It has always been difficult to make an analysis of the Chinese development model without falling back on the rigidity of the side one has chosen. China’s economic success is often met with quick criticism, skepticism over the authenticity of the process, and catastrophic predictions for the future of the country. Similarly, when faced with the undeniable injustices and limits of the experiment, China’s supporters ascribe those mistakes to mishaps as a matter of course, the collateral effects of a historic outcome. The same sterile dilemma applies to the question of whether China’s model can be exported, particularly in Europe’s western democracies. Can they learn something from Beijing’s experiment, or will the radical antagonism between the two sides make it impossible that it will be passed on? As it were, there are many aspects of China that ought to be admired – or even absorbed – without giving up on the fundamentals of European economic development.
The culture of merit is dominant. There are exceptions, shortcuts for the privileged, but the idea that one’s ability is essential is widespread. Those in China who hold positions of authority for the most part are qualified for the job. It has been a long process for a country that was crippled by underdevelopment for centuries, but the harmony between the requirements and the talents needed to satisfy them is much stronger now. Connected to merit is the importance of education. Students and their families are focused on going to the best schools from a very young age, with the logical presumption that they will be a passport to important, high-paying jobs. But education in China is difficult and competitive: they require sacrifice, commitment, and tradeoffs, all during the stage in life when the students are still young and full of energy. At the same time it is also a matter of personal growth and the progress of society. The most qualified are put at the service of society, both in the public administration and the private sector.

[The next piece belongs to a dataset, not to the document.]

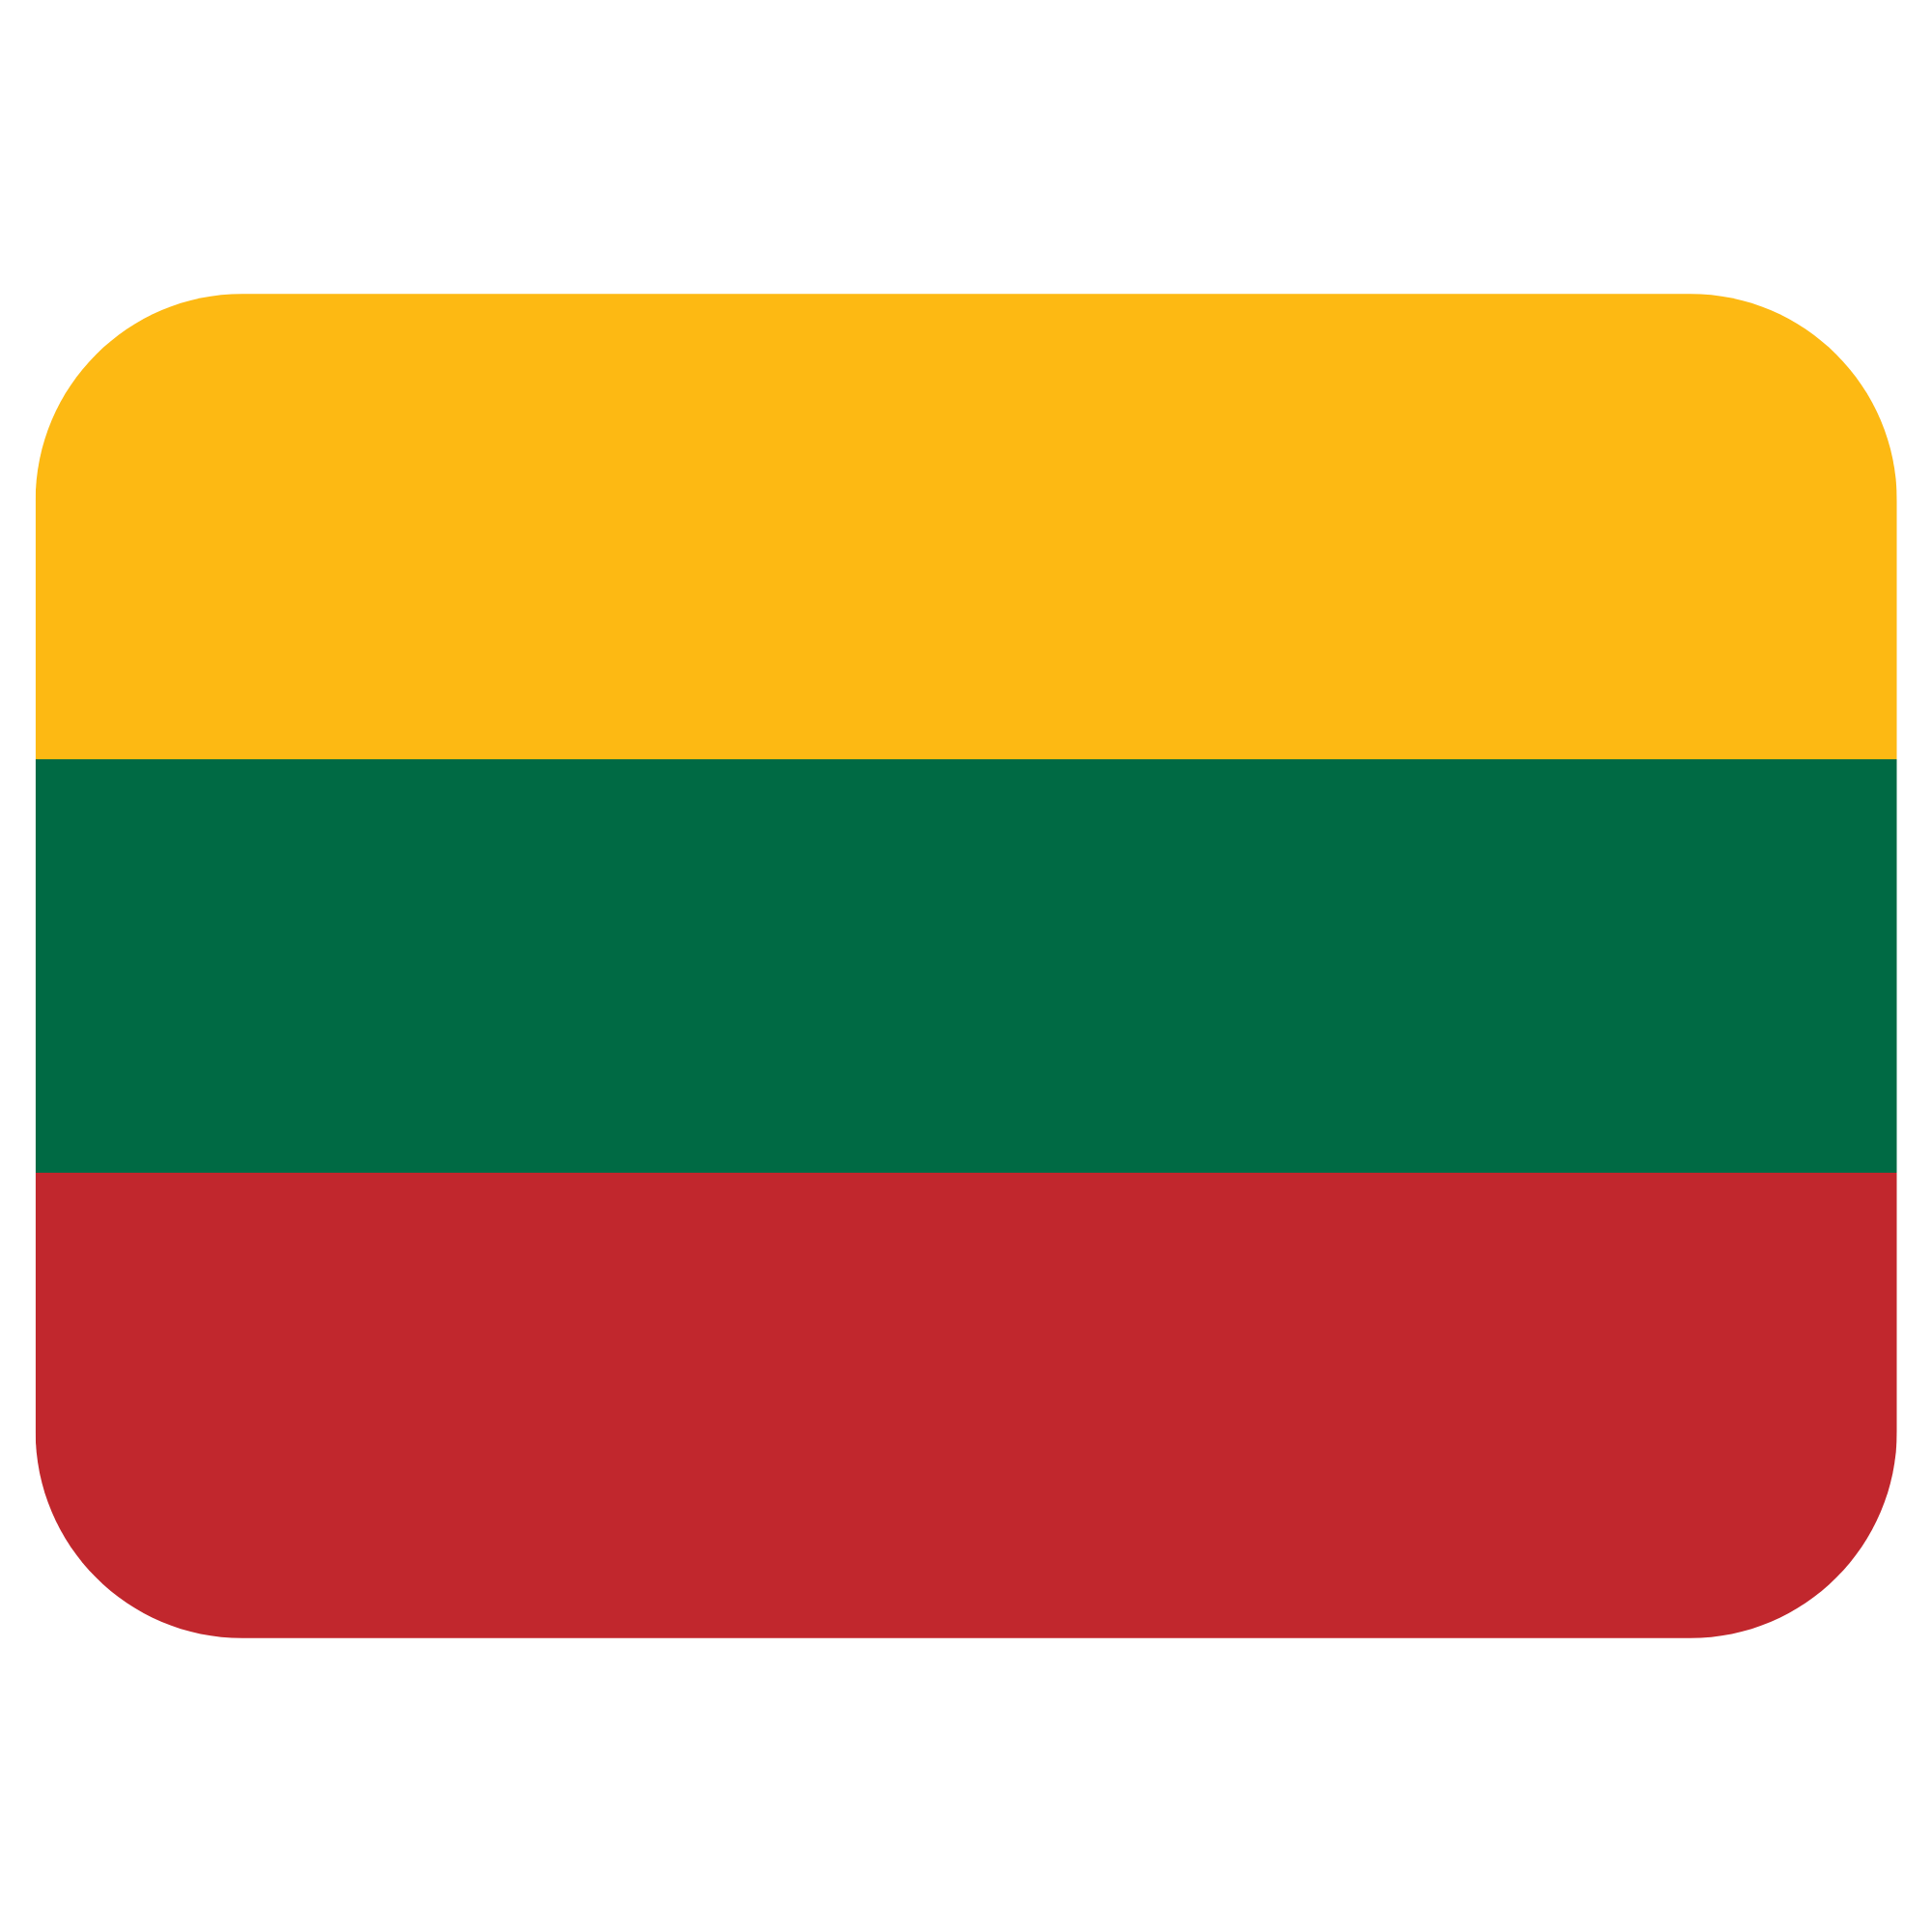 Lithuania M20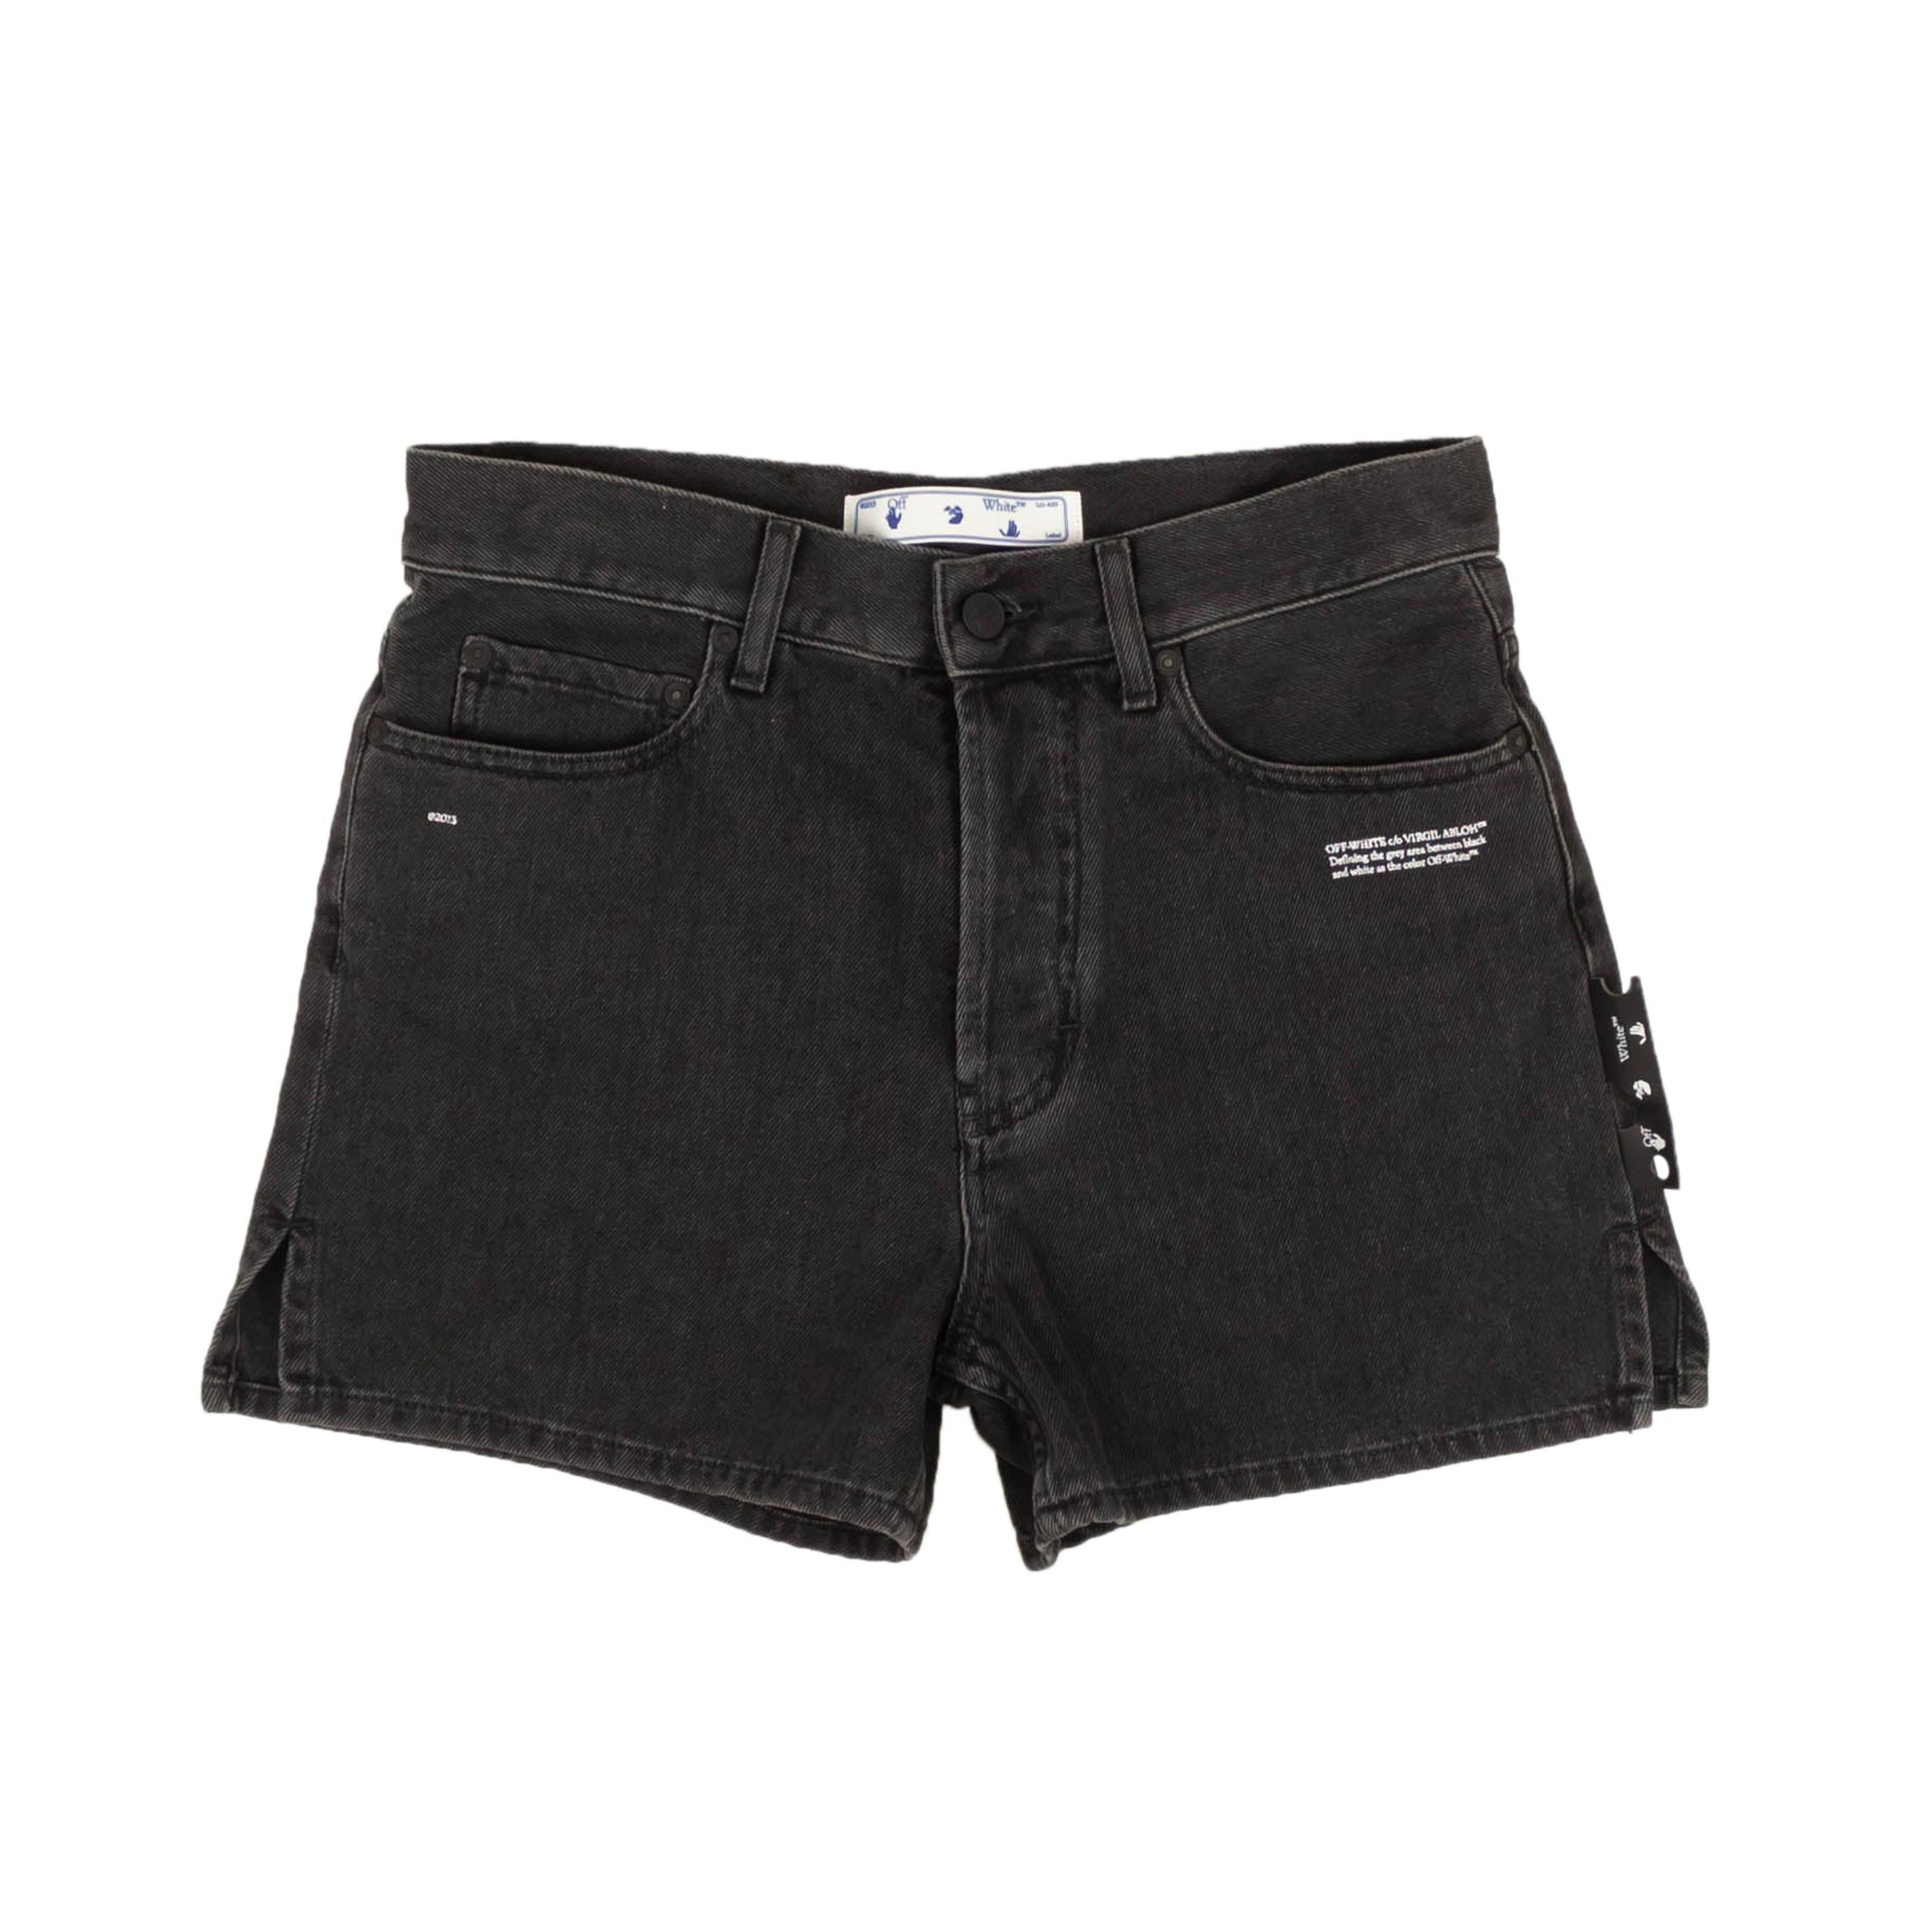 Black New Denim Jean Shorts

China’s achievements in the industrial sector have also been impressive. An ancient agricultural society transformed itself into a manufacturing superpower in just a few decades. Previously unknown methods were first introduced and then accepted: factory life, working in shifts, manufacturing applied to a massive society. The assembly line has replaced the connection with the earth. Such a complex operation required adaptability to new things, mastery of the factors of production, the acceptance of a new and different way to use your time. After mechanics, electronics then entered China’s socio-economic aspect. This cut all of the phases of production horizontally, and gave access to modern telecommunications. It is impressive to note how the transition from landline to mobile communications was practically nonexistent: cellular phones were the first phones many Chinese ever had. None of this would have been possible without discipline, hard work, and the desire to rid oneself of a past of deprivation. Europe is the standard bearer of other values and the winner of different battles, but China’s way presents aspects that can be admired by everyone.